I’ve felt useless and resentful for months. The resentfulness has been compounded by the fact that the well-researched, nuanced and poignant history documentaries I used to work on are increasingly a thing of the past.
Instead, it is all about short-form and branded content – attention-grabbing, noisy, influencer-supported, branded content. This worries me because anything sponsored by a brand will be biassed and censored; an advert masquerading as something factual.
I’m also angry that freelancers have been treated so badly. The crisis has revealed what we all knew but pushed under the carpet: the industry is based on a staffing model that greatly benefits the production heads and channels, but leaves freelancers with no job security and no rights.
When I talk to people who work in other industries (especially the civil service) I am amazed at the comparative provisions put in place for training, flexibility and staff benefits.
I am currently doing a couple of archive researcher jobs on part-time, short-term contracts, which has been a great relief.

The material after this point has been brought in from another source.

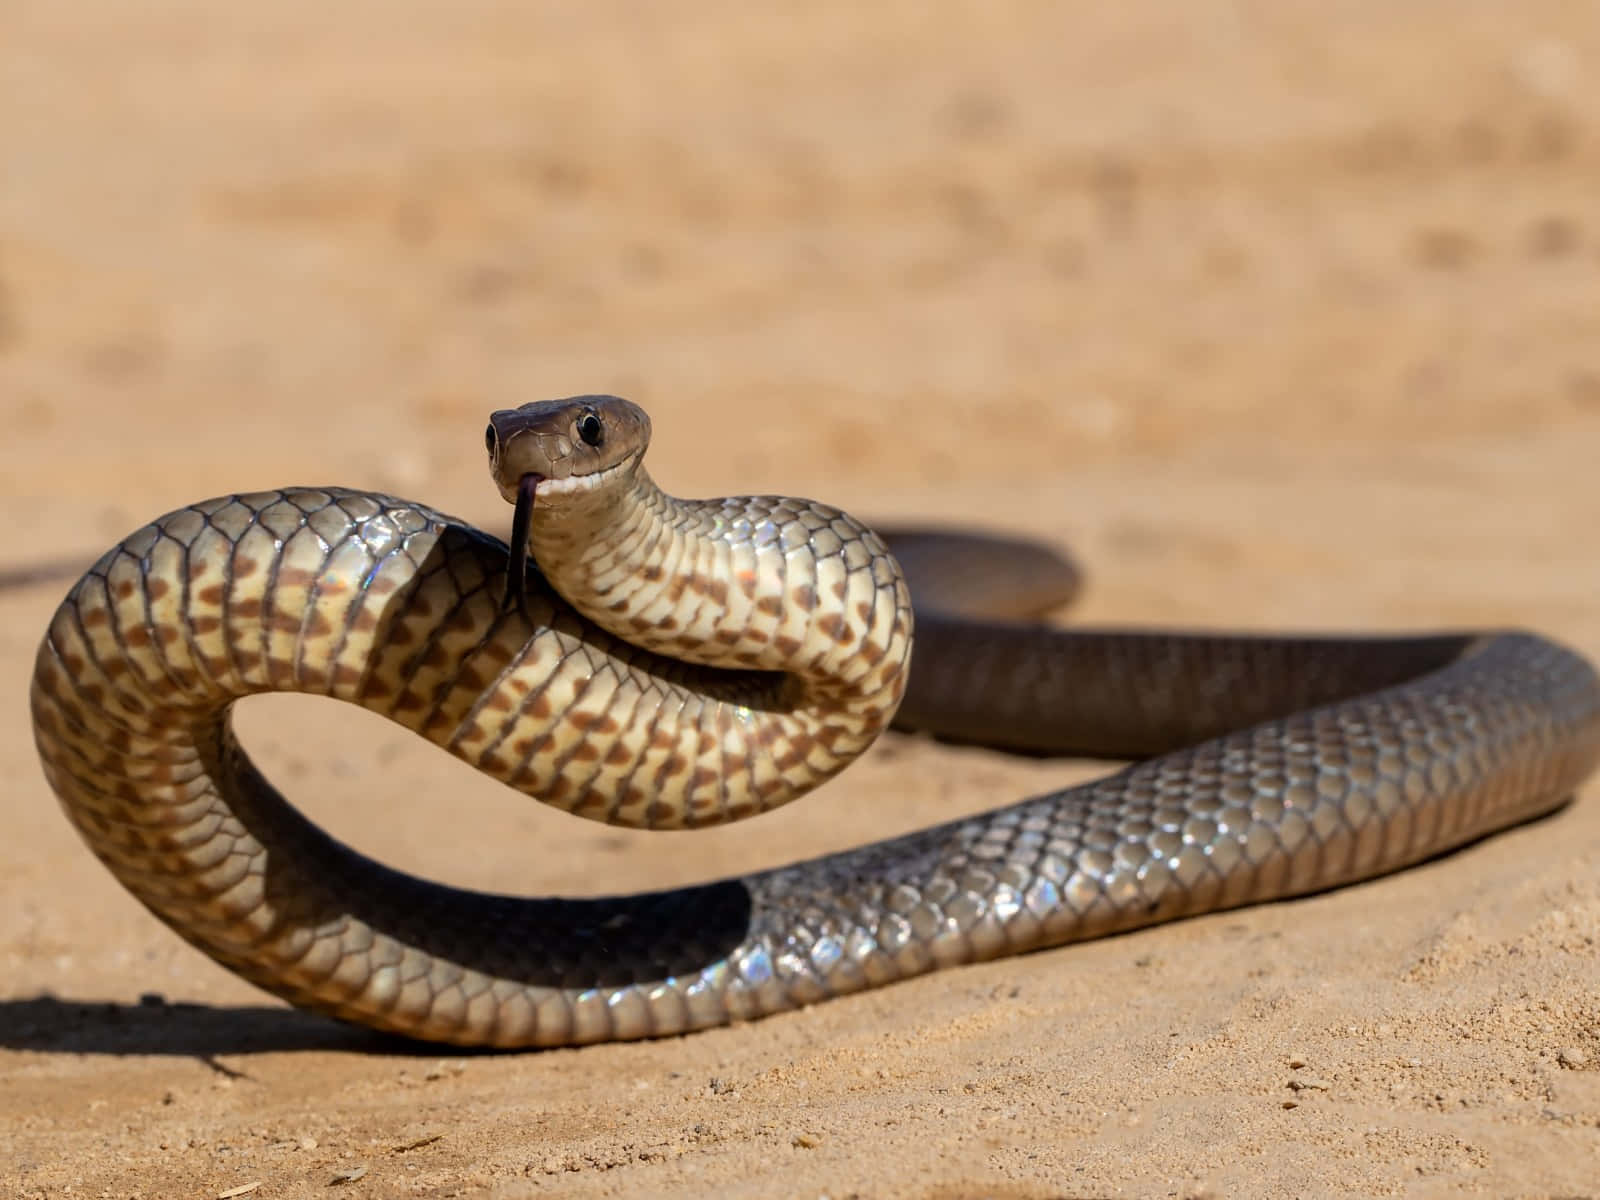 A close-up of an elegant brown snake in its natural habitat Wallpaper

However, I know this is just a stop-gap before I’m probably unemployed (and seemingly unemployable) again. I hope, for everyone’s sake, that things improve, and I also hope for fundamental change in the way the industry operates and how freelancers are treated.
Alex, London
Planned obsolescence
If your TV was made before 2015, you can say goodbye to the soon-to-be unsupported Netflix app. Unless you want to pay for an extension, an upgrade, or just buy a new TV, of course!

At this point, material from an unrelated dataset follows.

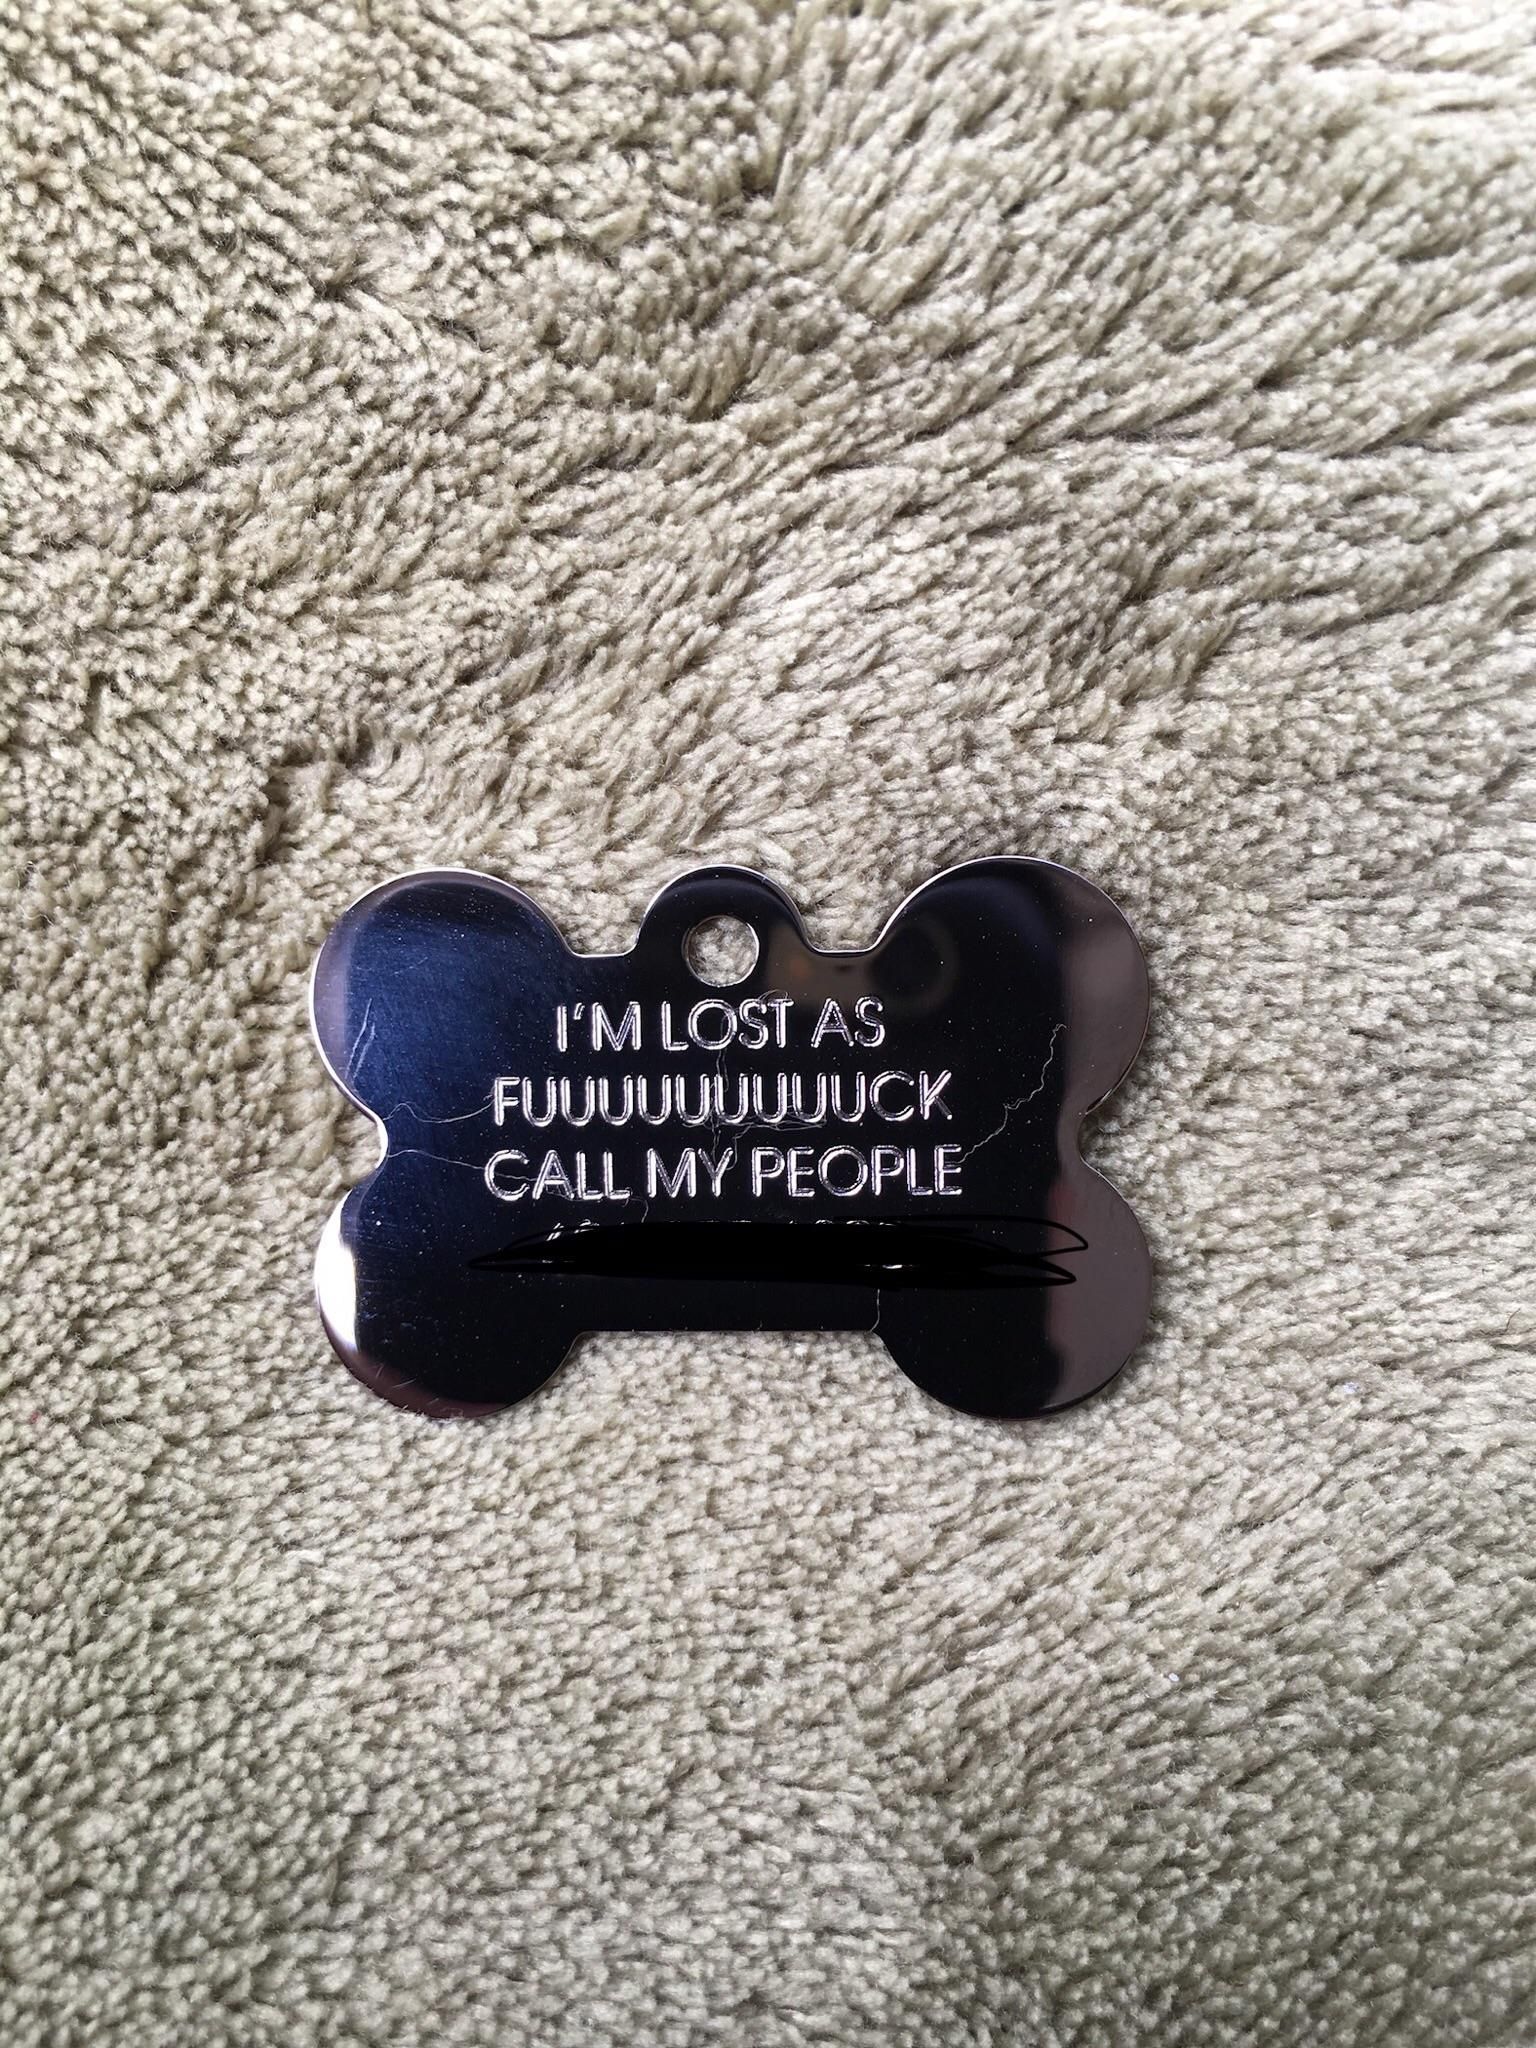 Got Creative With The Dog Tag Maker

Artificially dumbing down perfectly capable hardware is a problem that has been going on for a long time. Planned obsolescence, the act of making your product unusable quicker to sell more, is a classic trick of capitalist profiteering.
Now as the world market shrinks, this tactic is increasingly used.
If goods were made to last and be adapted, this would mean less profit for the capitalists. Companies force people to buy new technology by intentionally making it last a limited amount of time.
This is holding back the development of new and more efficient technology, and in this case streaming’s powerful potential to increase our access to culture.
So much for capitalist competition breeding innovation!
Eliza Jones, Birmingham
Capitalist villainy
Disney masterfully creates villains, and now makes a villain of themselves. A wrongful death lawsuit brings to light shocking details of the Disney+ fine-print: you can’t sue them.
In 2023, Dr. Kanokporn Tangsuan died of anaphylaxis following poor allergen safety at Disney World.
When her husband Jeffrey Piccolo filed a suit against Disney, what followed was a full unmasking of capitalist villainy.
Disney demanded the case be resolved via arbitration instead of court – a condition they revealed they had actually bound all users to in the terms of service for Disney+, which Piccolo had signed up for a free trial of in 2019.
Currently there are some 153.6 million Disney+ users who cannot EVER sue Disney, even in the event of a wrongful death.
We can have no faith in the capitalists’ law. Luckily, we don’t need superheroes to save us from menaces like Disney – we have the might of the working class!